» **Task material**:

===============

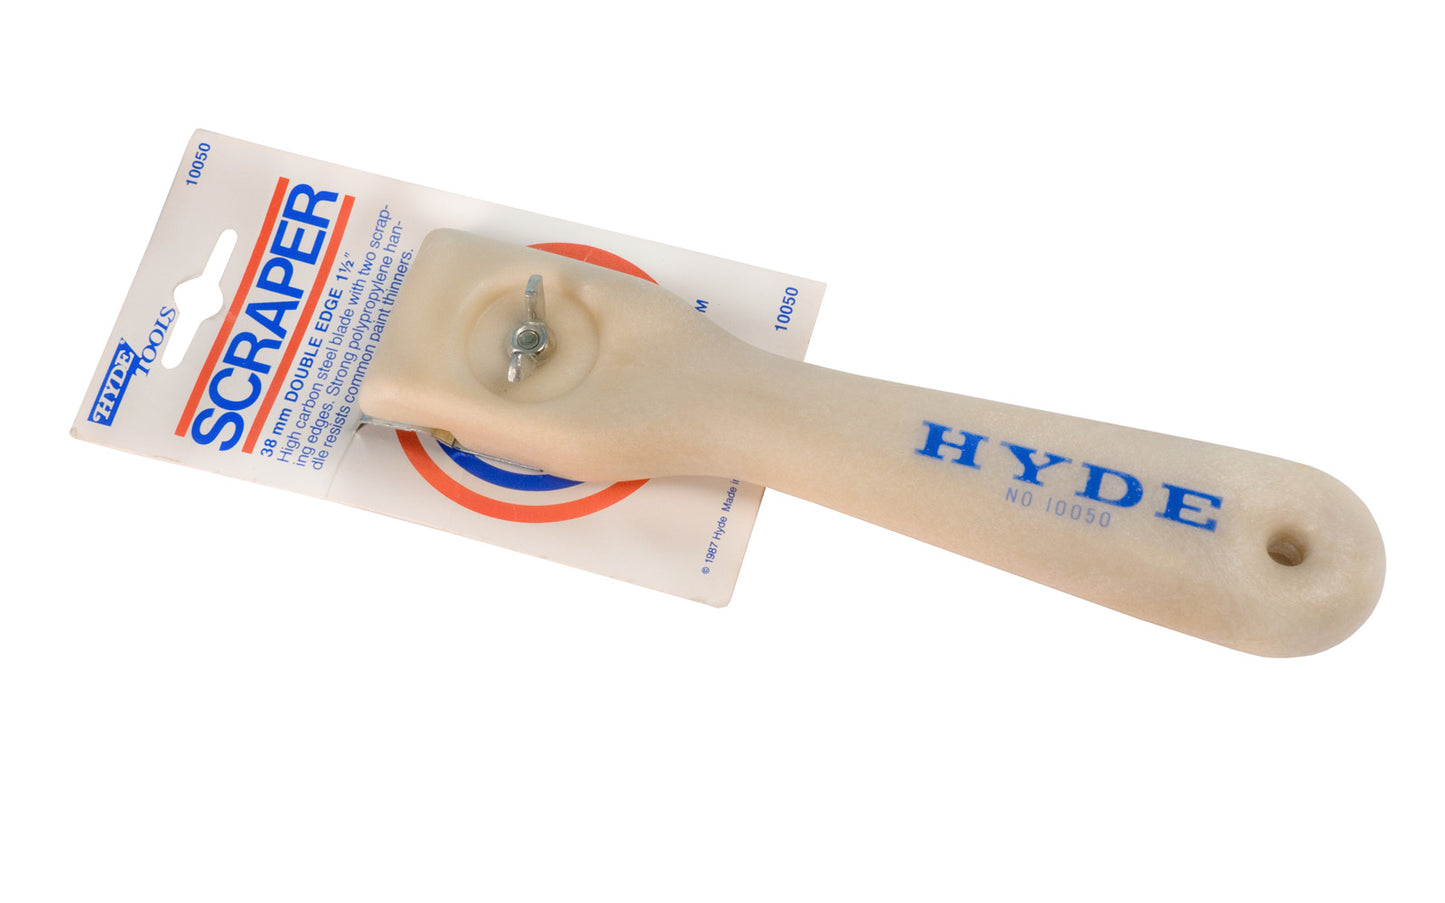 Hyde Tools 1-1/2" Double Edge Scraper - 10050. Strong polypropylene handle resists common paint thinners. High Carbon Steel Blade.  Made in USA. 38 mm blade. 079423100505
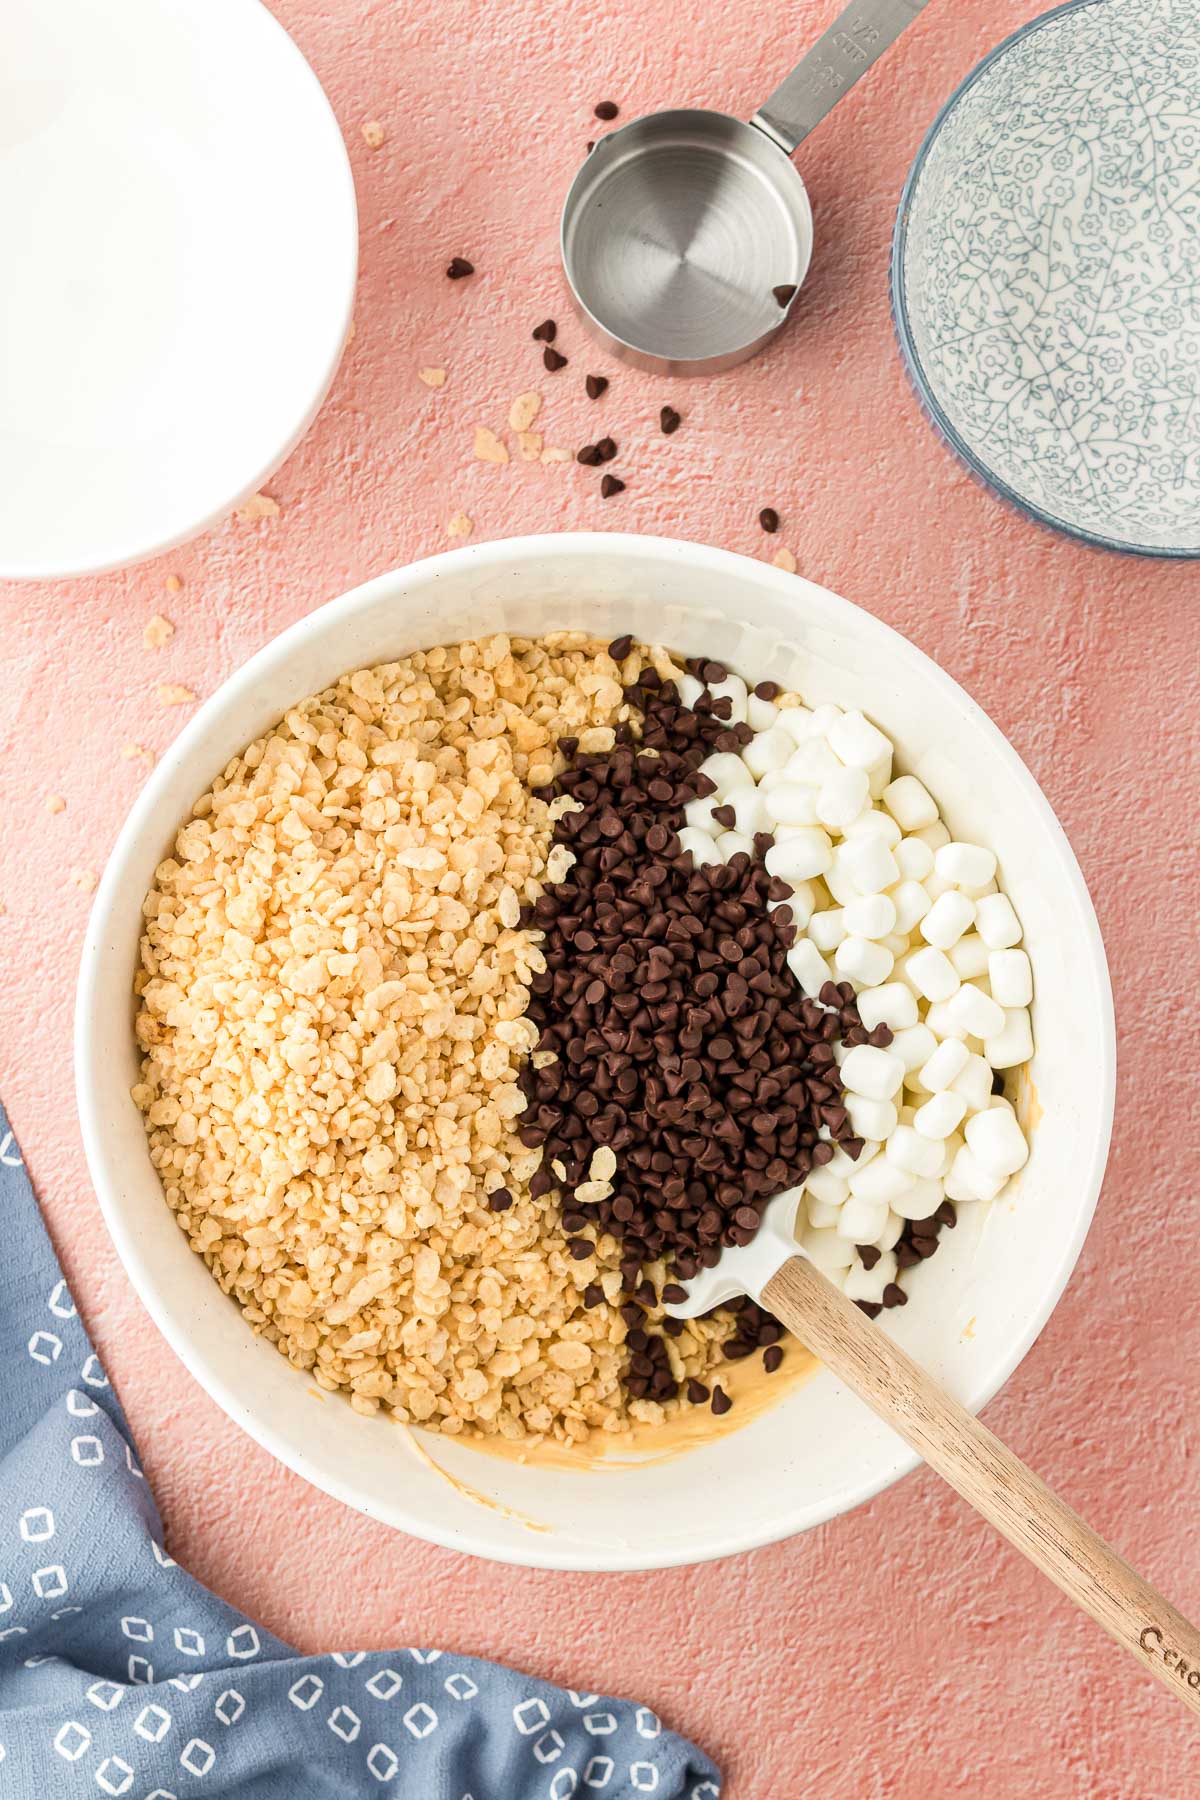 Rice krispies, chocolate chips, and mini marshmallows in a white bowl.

===============

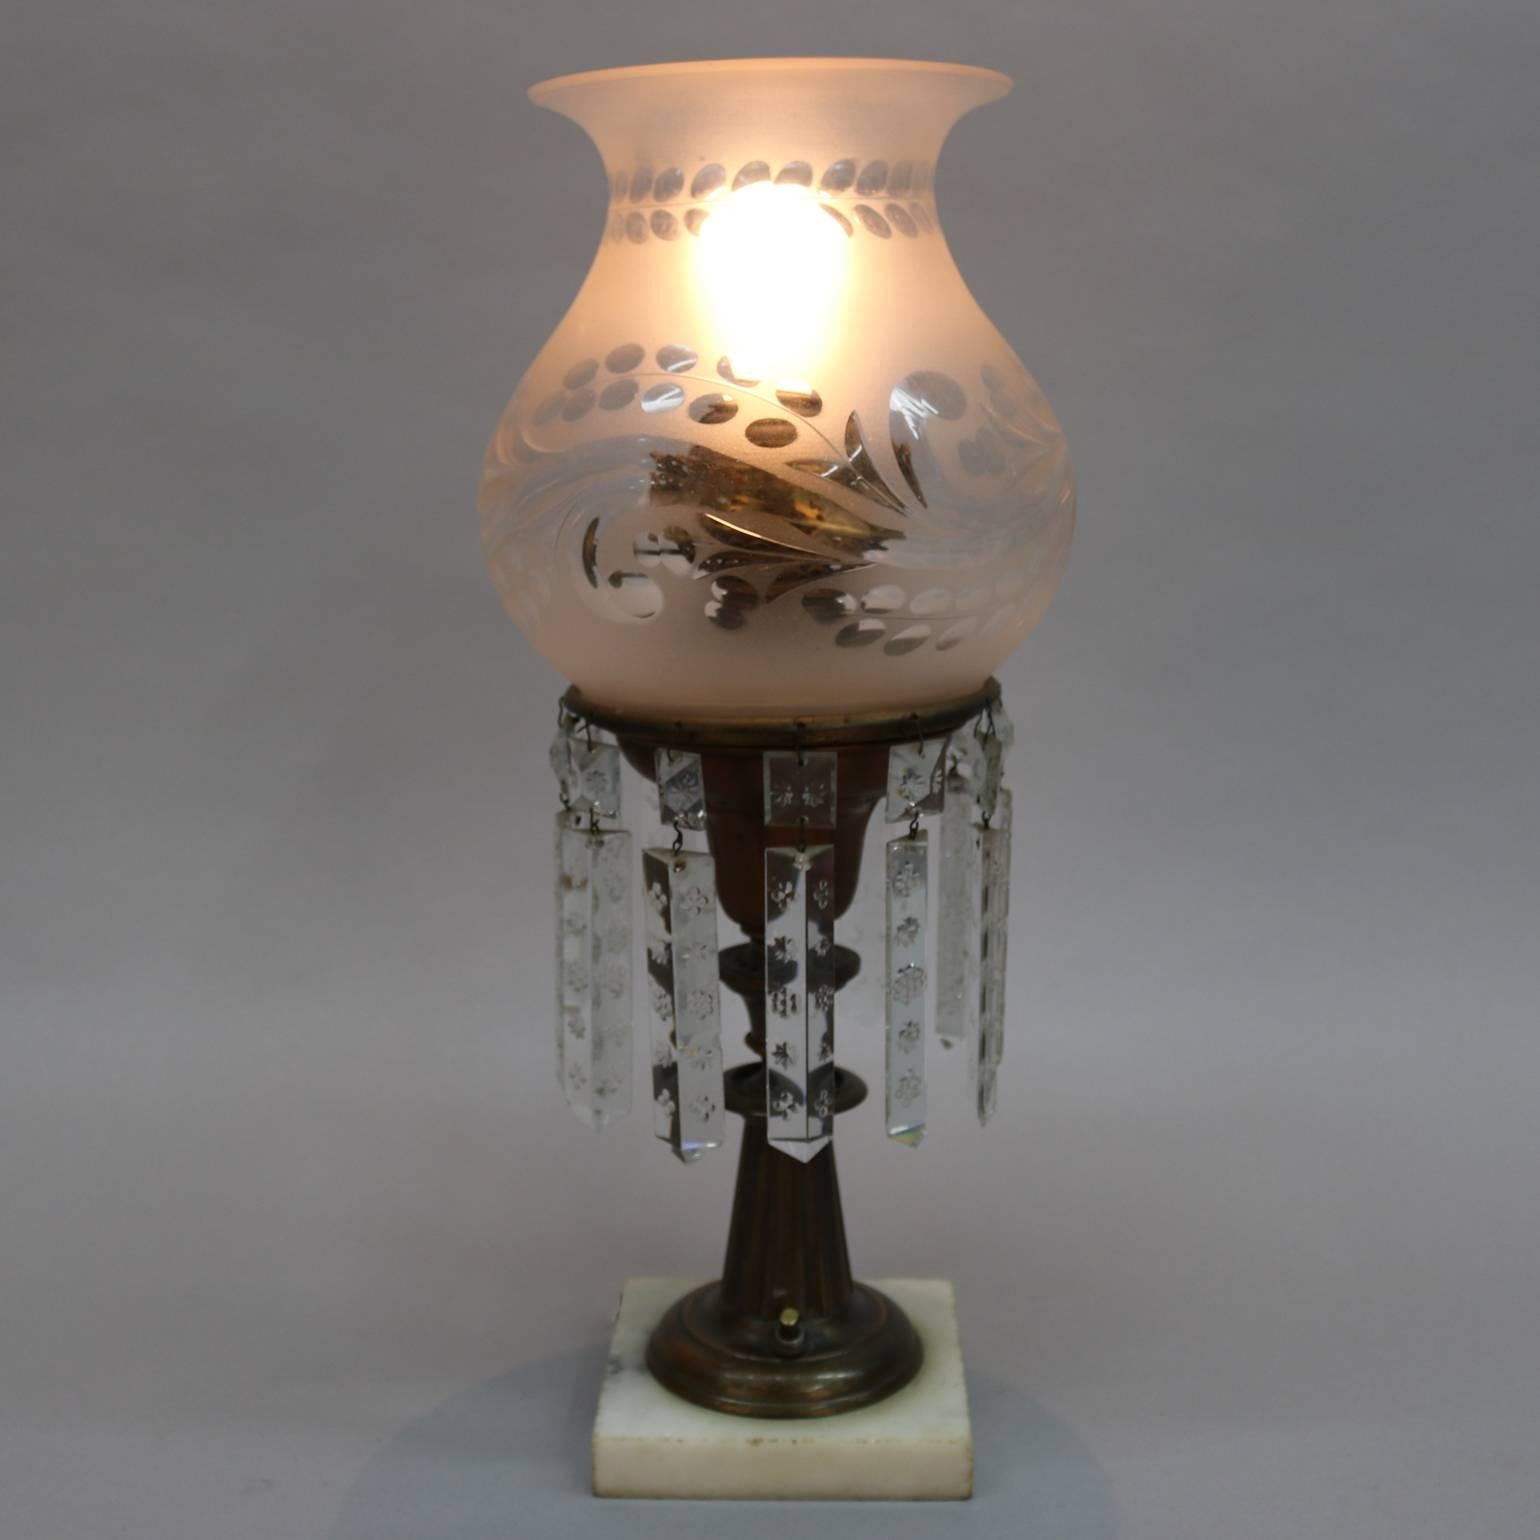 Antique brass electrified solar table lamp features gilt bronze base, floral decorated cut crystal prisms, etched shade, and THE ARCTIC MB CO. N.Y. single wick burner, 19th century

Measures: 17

===============

» **Aim of the task**:
The data above holds the lines to copy: start at the one with "mm blade. 079423100505", stop at the one with "Rice krispies, chocolate", include both, copy them exactly without pictures, and copy nothing else.

» **Reply to the exercise**:
 Hyde Tools 1-1/2" Double Edge Scraper - 10050. Strong polypropylene handle resists common paint thinners. High Carbon Steel Blade.  Made in USA. 38 mm blade. 079423100505
 Rice krispies, chocolate chips, and mini marshmallows in a white bowl.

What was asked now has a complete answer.